#### What this task involves
Using the material below, print a verbatim copy of every line from the one containing "Ziemlich Weibliches Fortpflanzungssystem" through the one containing "Les infestations de", inclusive, and omit the pictures.

#### Excerpted records
■ ■ ■
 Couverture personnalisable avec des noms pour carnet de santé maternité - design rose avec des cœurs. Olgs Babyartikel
■ ■ ■
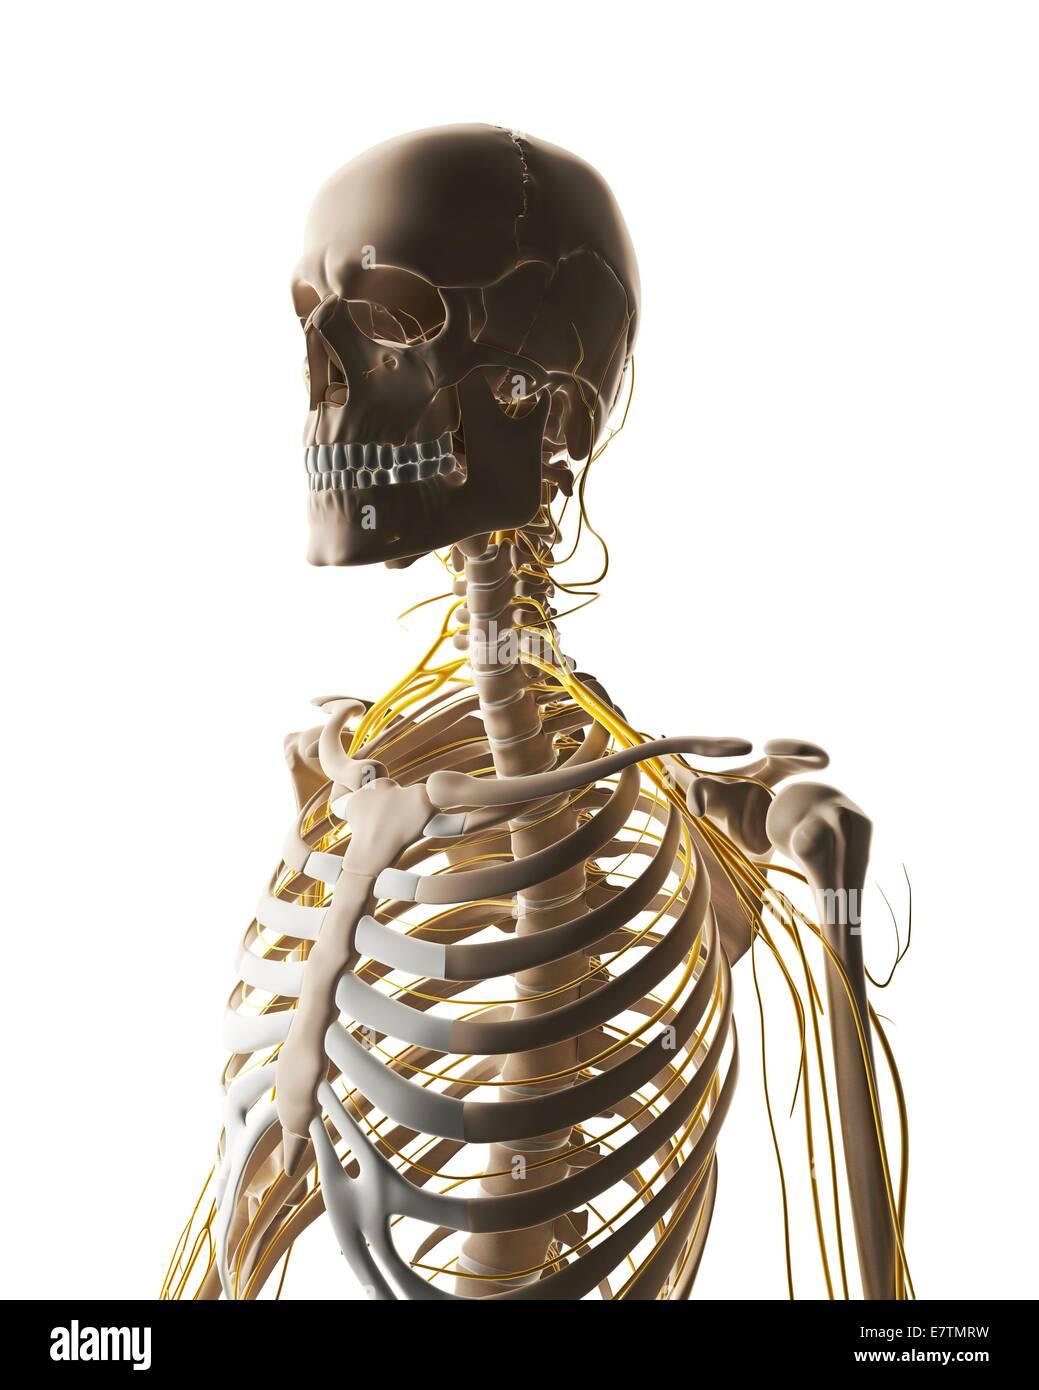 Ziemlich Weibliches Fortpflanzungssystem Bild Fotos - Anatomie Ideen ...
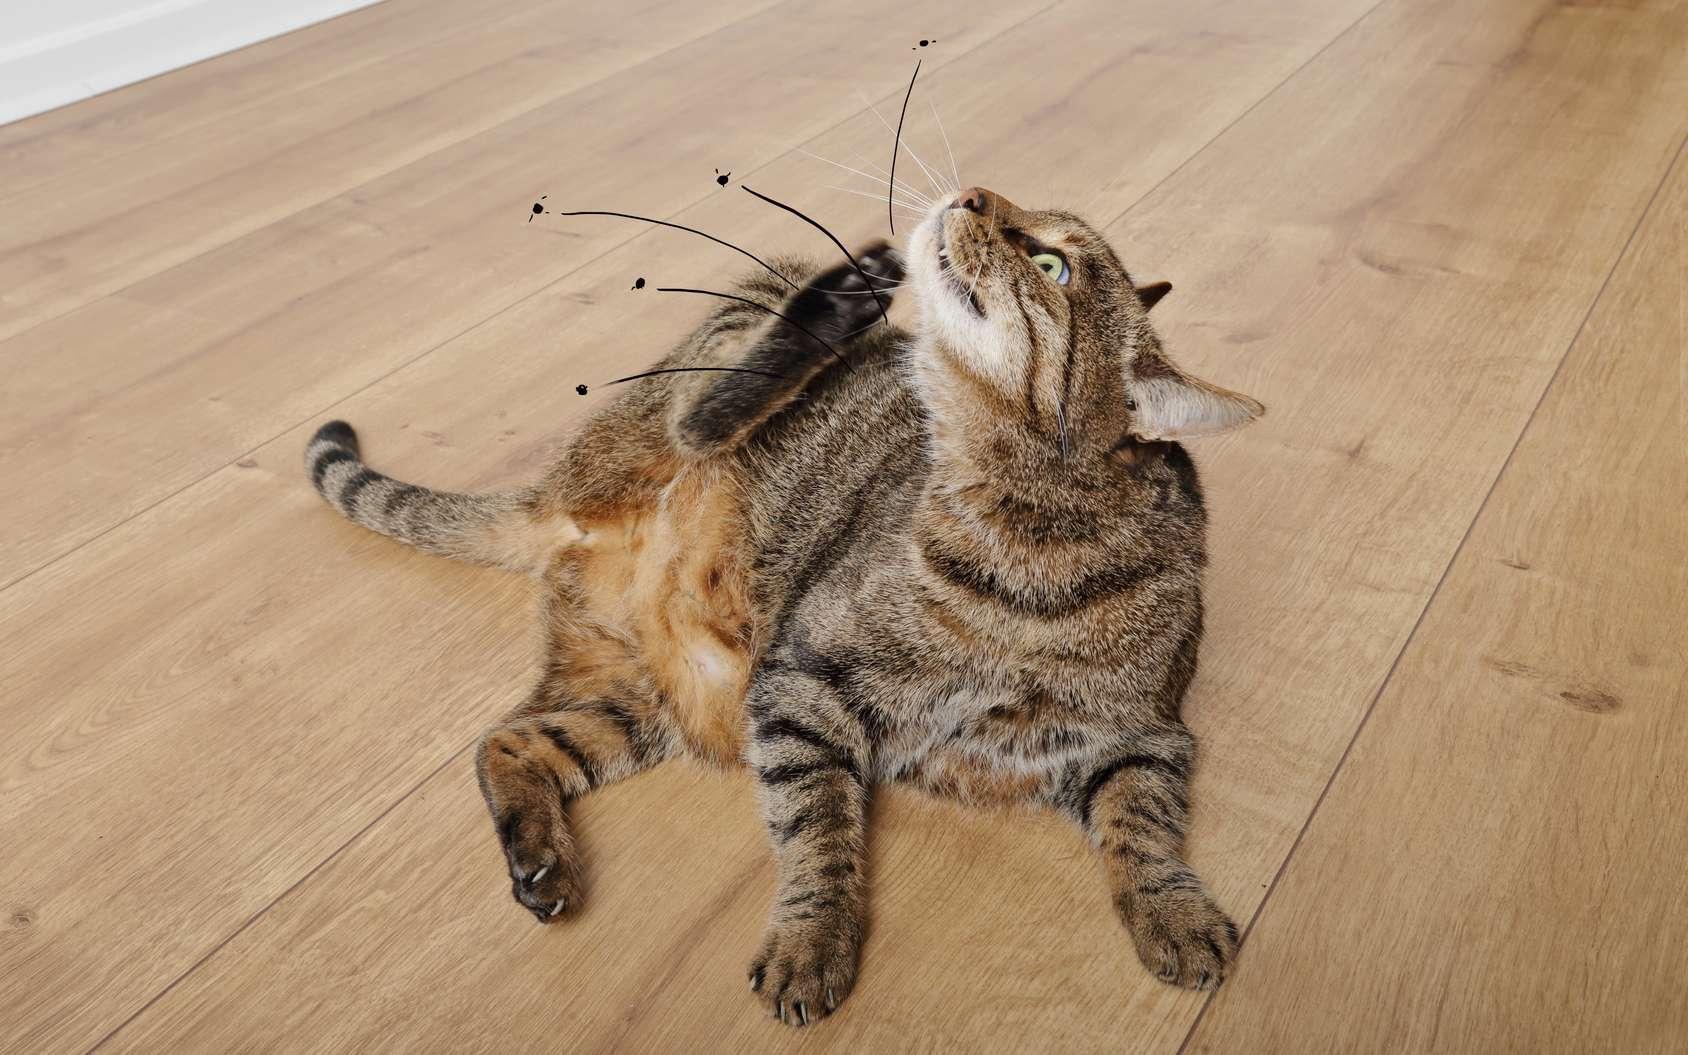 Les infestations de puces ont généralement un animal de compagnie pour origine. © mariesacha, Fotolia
■ ■ ■
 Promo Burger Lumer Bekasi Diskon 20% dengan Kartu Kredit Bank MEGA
■ ■ ■
#### Exercise solution
 Ziemlich Weibliches Fortpflanzungssystem Bild Fotos - Anatomie Ideen ...
 Les infestations de puces ont généralement un animal de compagnie pour origine. © mariesacha, Fotolia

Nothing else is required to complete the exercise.